(DATA BLOCK Opens)

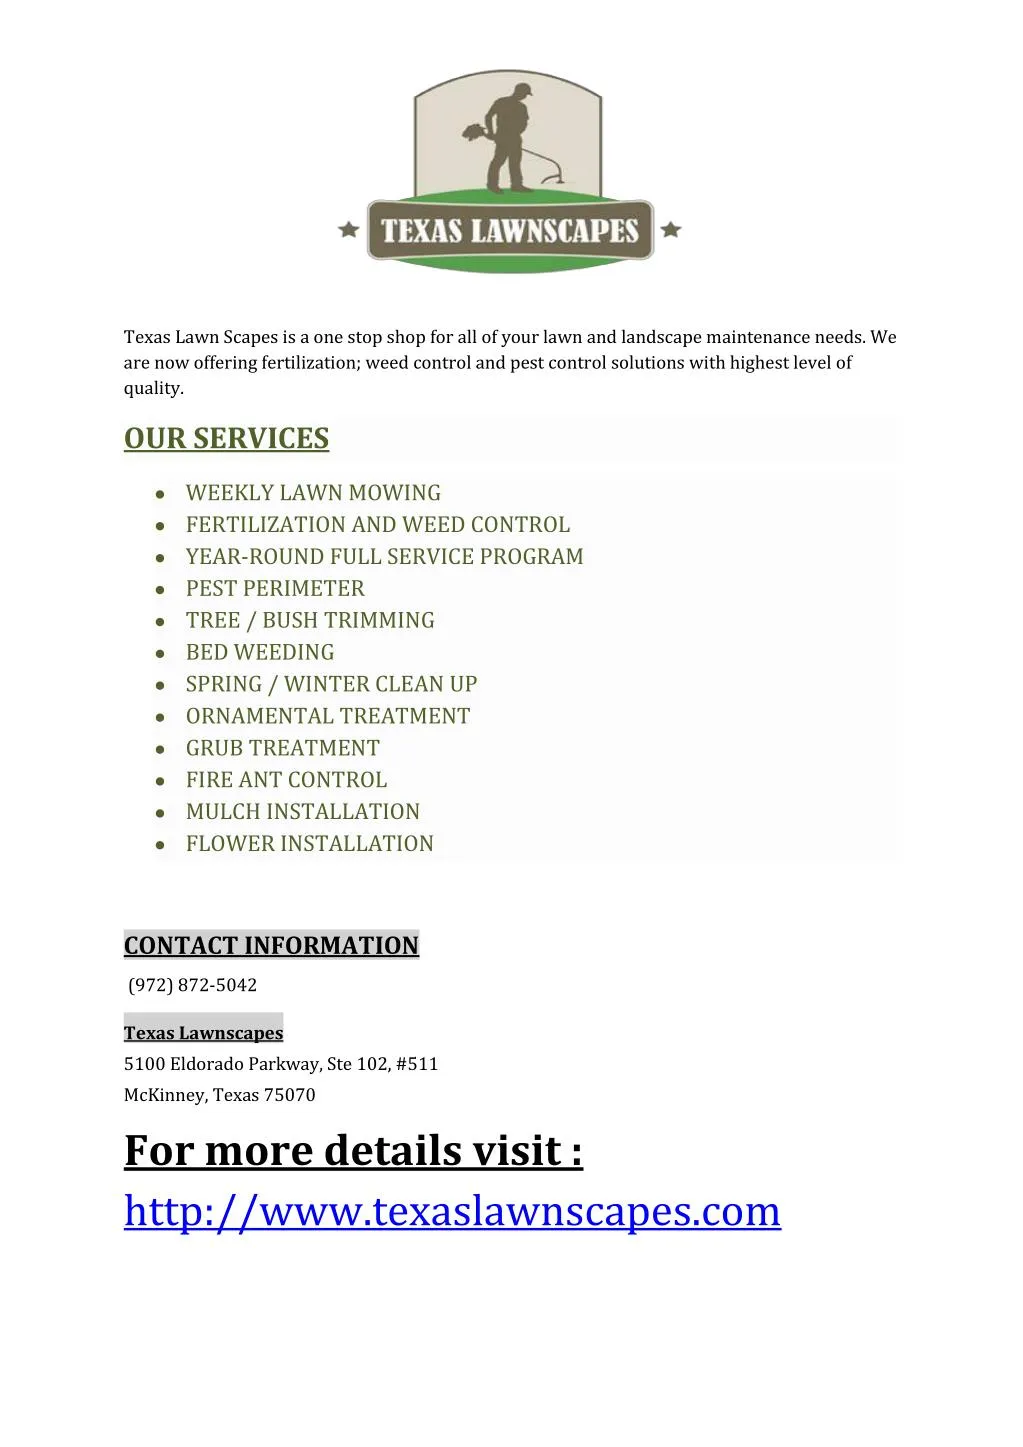 texas lawn scapes is a one stop shop
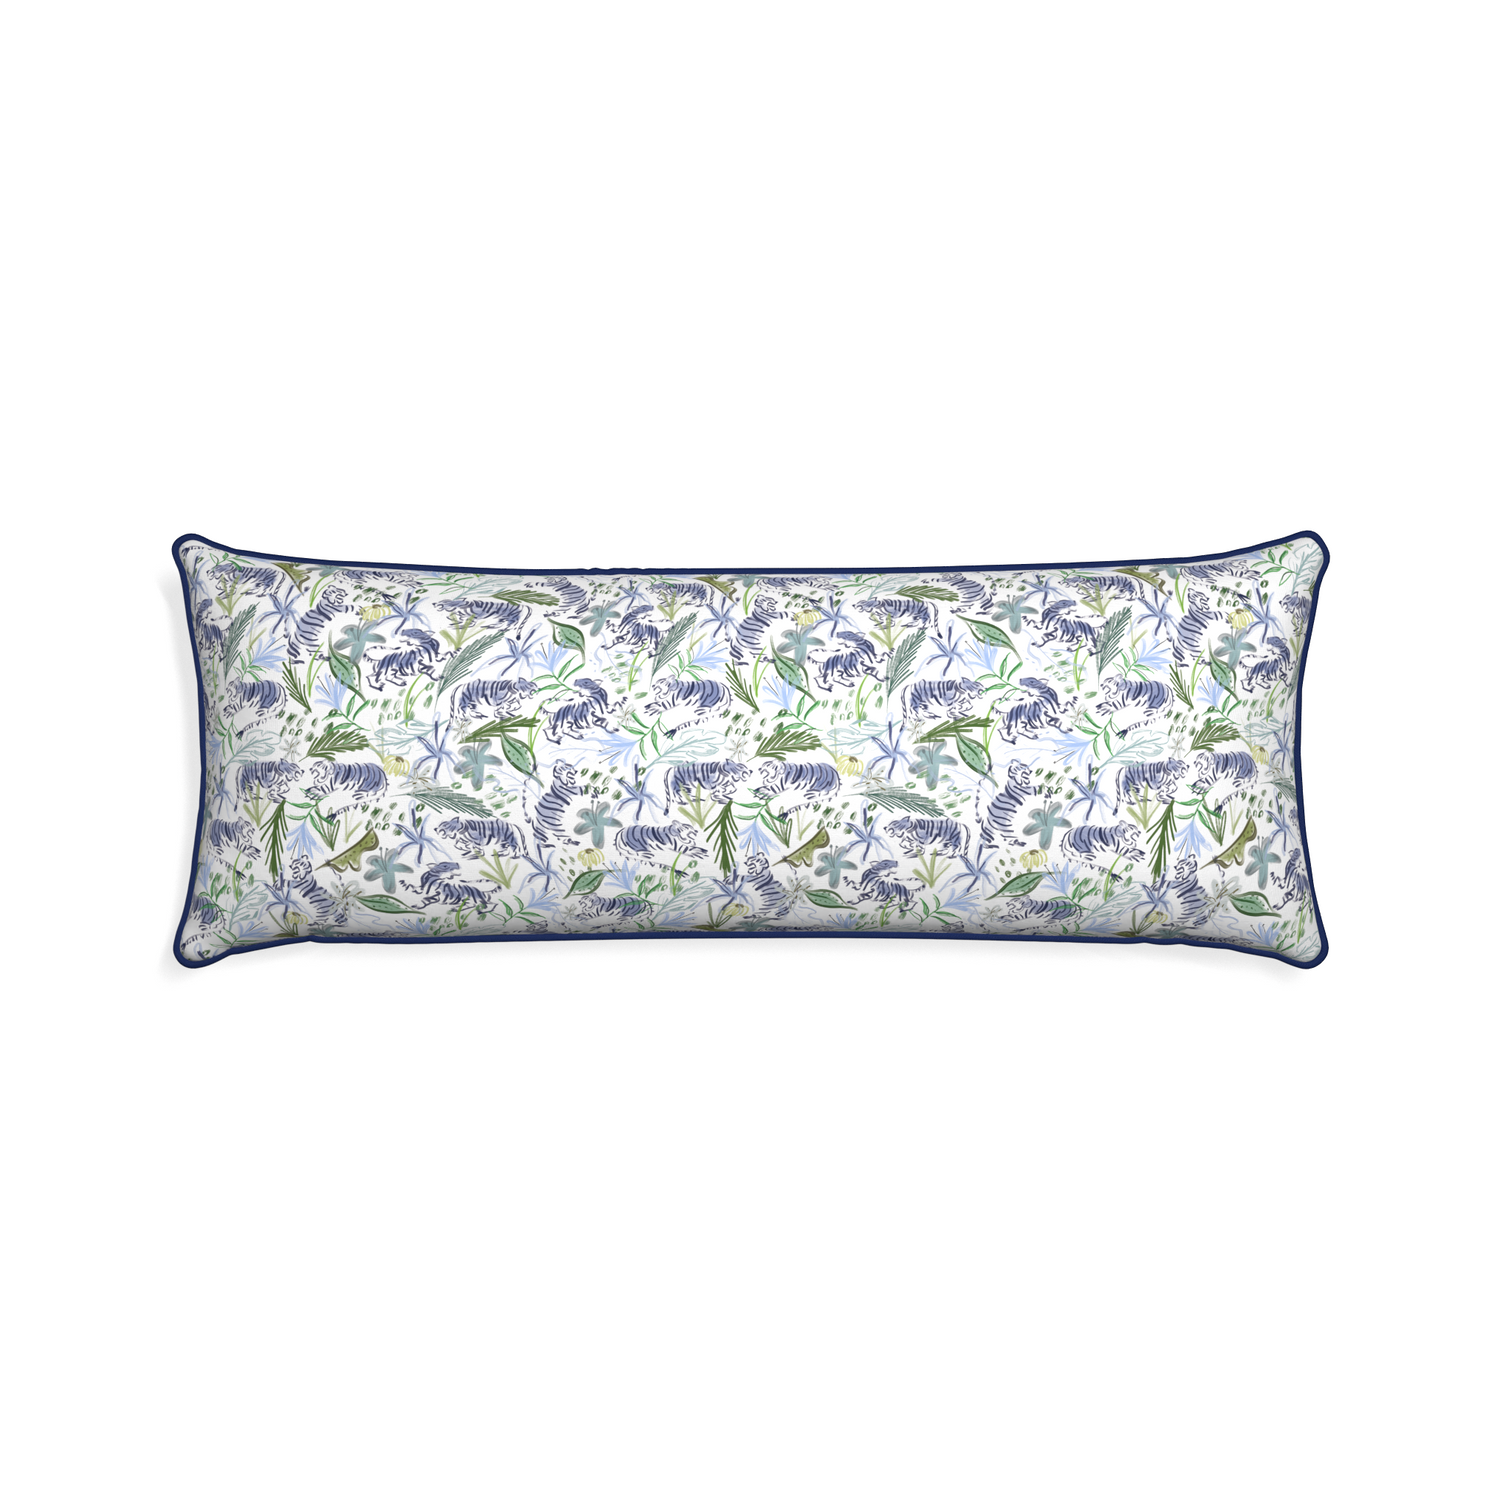 Xl-lumbar frida green custom pillow with midnight piping on white background
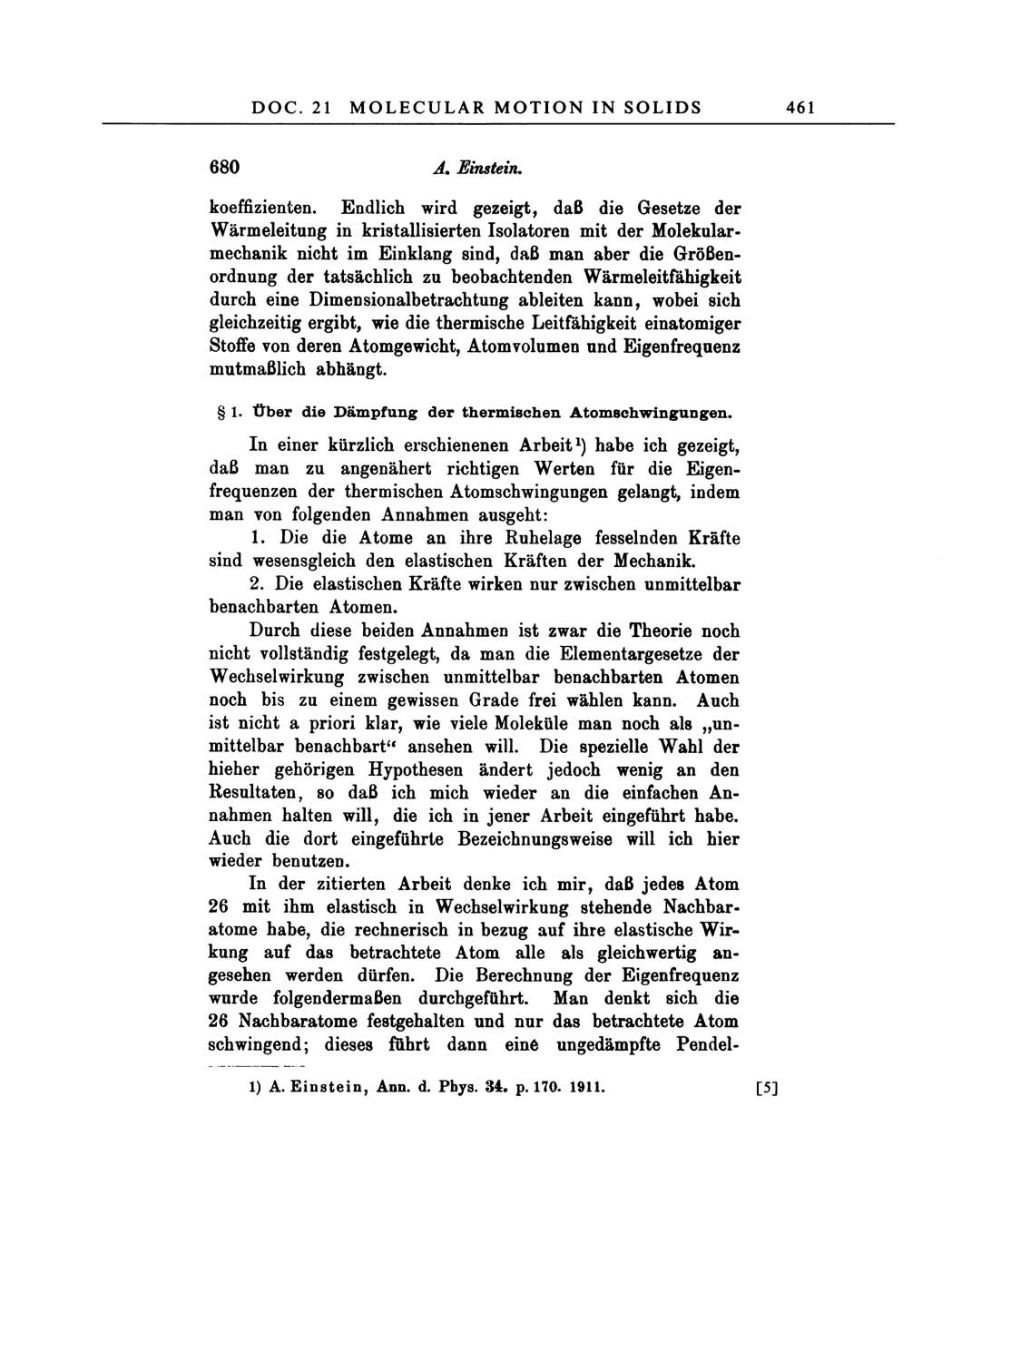 Volume 3: The Swiss Years: Writings 1909-1911 page 461

(DATA BLOCK Closes)

:: WORK REQUIRED ::
Reproduce, word for word, every line from the one that contains "Xl-lumbar frida green" to the end of the data, including both ends; omit all pictures.

:: RESULT FOR THIS TASK ::
 Xl-lumbar frida green custom pillow with midnight piping on white background
 Volume 3: The Swiss Years: Writings 1909-1911 page 461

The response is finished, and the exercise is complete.